New content which rarely aligns with what came before it is effectively making its own branch or universe, but some are free to believe its all one, tight continuity...
I don't think anyone believes it's a "tight continuity" as in completely consistent with itself or what came before (not even TOS was totally consistent with itself, and no large franchise made over a period of decades and multiple series/films is --which is not a criticism, just reality), but I do believe most think it's a flexible sliding continuity that adapts with the times but takes place in a single shared universe, with the exception of the peripheral Mirror Universe episodes and Kelvinverse films, and others that are specifically stated as being set in alternate universes.
 
Assuming the career path for starship captains and admirals is all-consuming, yes. But it hurts women even more.

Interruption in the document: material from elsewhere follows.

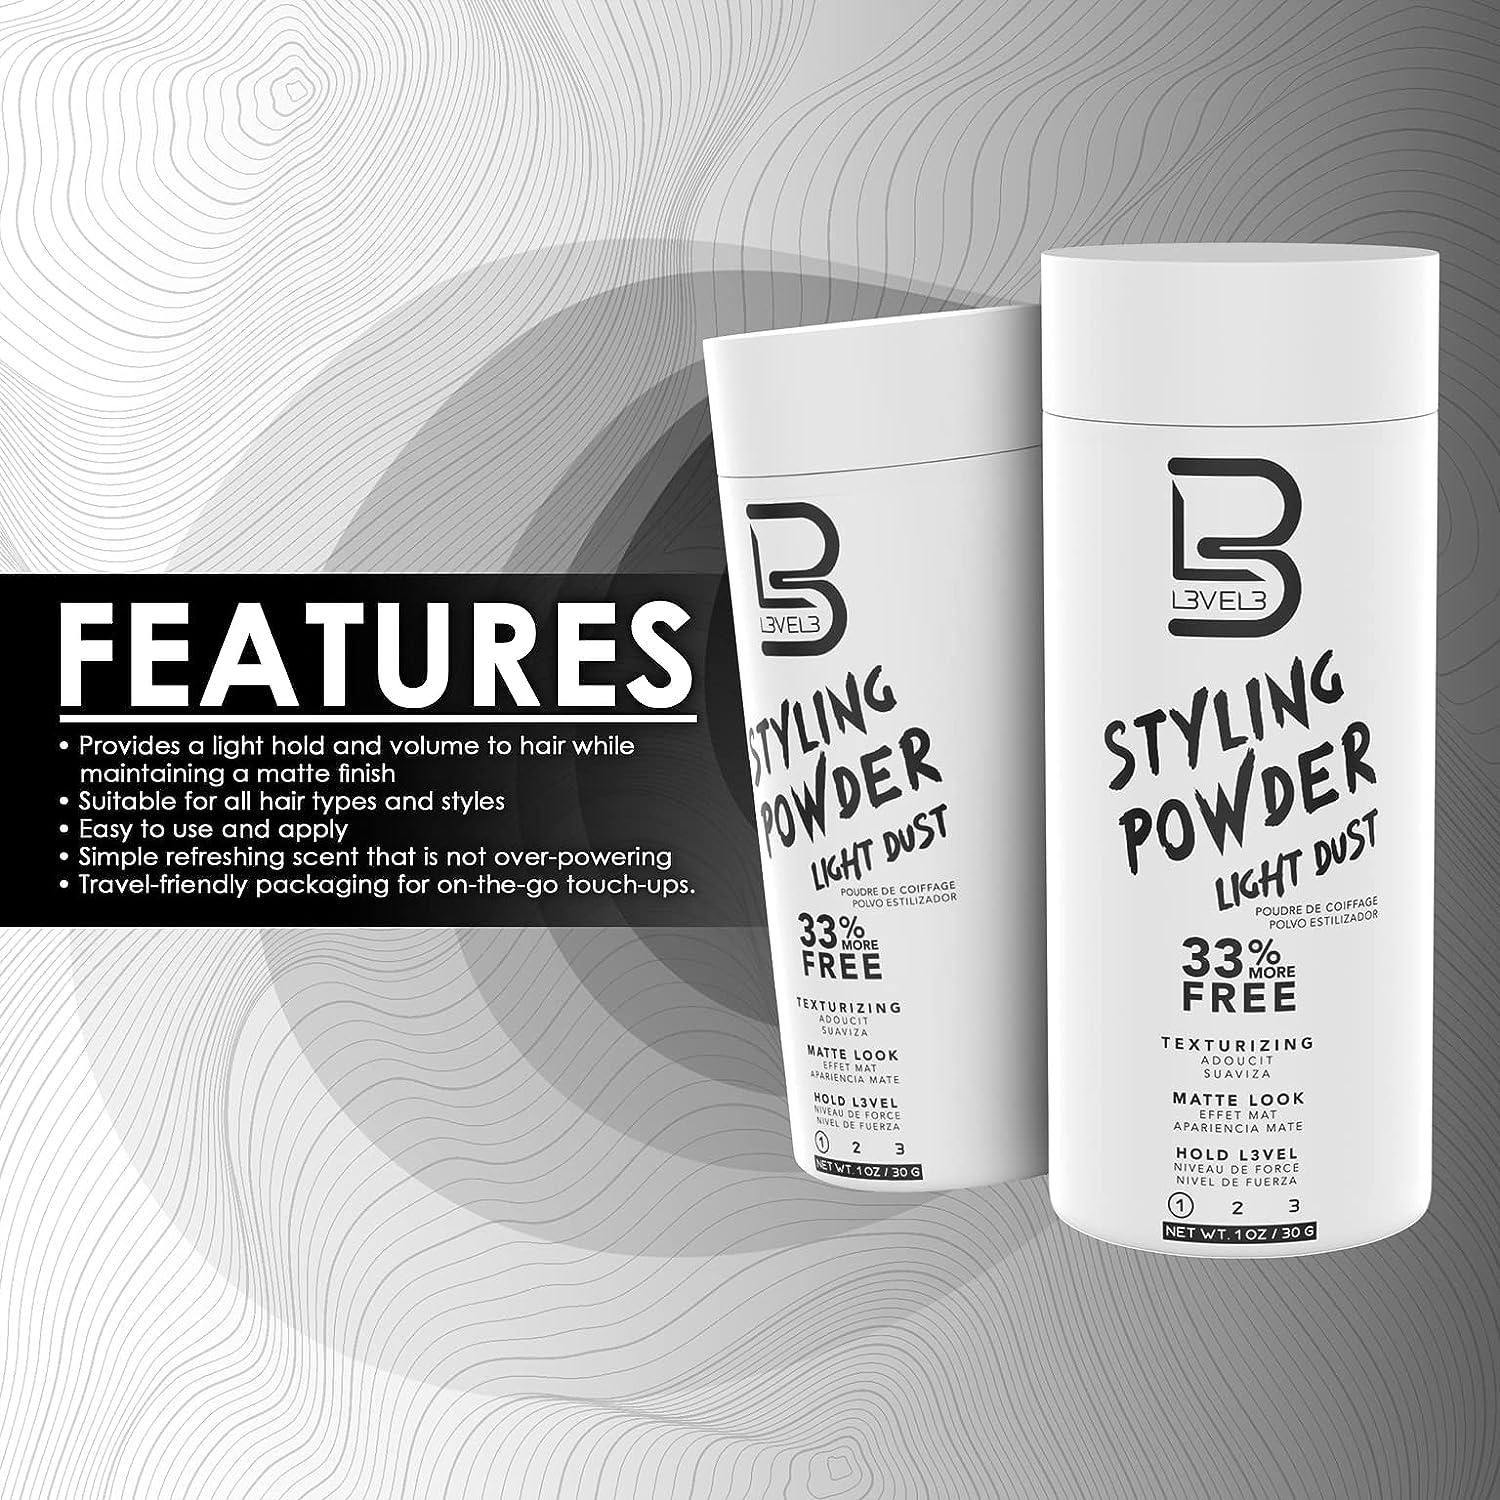 L3 Level 3 Styling Powder - Natural Look Mens Powder - Easy to Apply with  No Oil or Greasy Residue (Large - 60 Grams) - Yahoo Shopping

An officer on that path, with so many long deep-space deployments, might have time to win someone's heart and get married. And a man can get his wife pregnant during a two-week leave. But the children will barely know him and might not care about him much when he's old. Men pay a high price for these ambitions. Kirk alluded to it a time or two in The Wrath of Khan and Generations. He's lonely.

A woman who devotes her life to that career wouldn't have time to reproduce at all. A baby and then childcare would cause her to fall too far behind in the competition for command chairs. So she ends up even lonelier than Kirk, due to the facts of life. If you're honest about human life, it's inescapable.

You do realize that having children is not a goal for everyone, right?
You do realize that not all humans need to be in a relationship/marriage to have a fulfilling life, right?
 
I'm referring to lack of continuity from one production to another.

I like continuity. I prefer having a consistent universe told in a way that makes sense and connects back to what came before instead of this fractured nonsense where every show is an alternate timeline unto itself.

That being said, I realize that's not a motivation or goal for the folks making these shows. It is what it is.
 
I like continuity. I prefer having a consistent universe told in a way that makes sense and connects back to what came before instead of this fractured nonsense where every show is an alternate timeline unto itself.

That being said, I realize that's not a motivation or goal for the folks making these shows. It is what it is.

That is the sort of problem that crops up when people decide to make prequels to older works, with today’s production values. Unless it’s something like the Disney Star Wars tv shows where they’re purposely striving for the same look and feel of the original trilogy, the people making those prequels want to put their own spin on things. As I’ve mentioned before, there’s a difference between not staying consistent with 50+ years of work, and not staying consistent on purpose.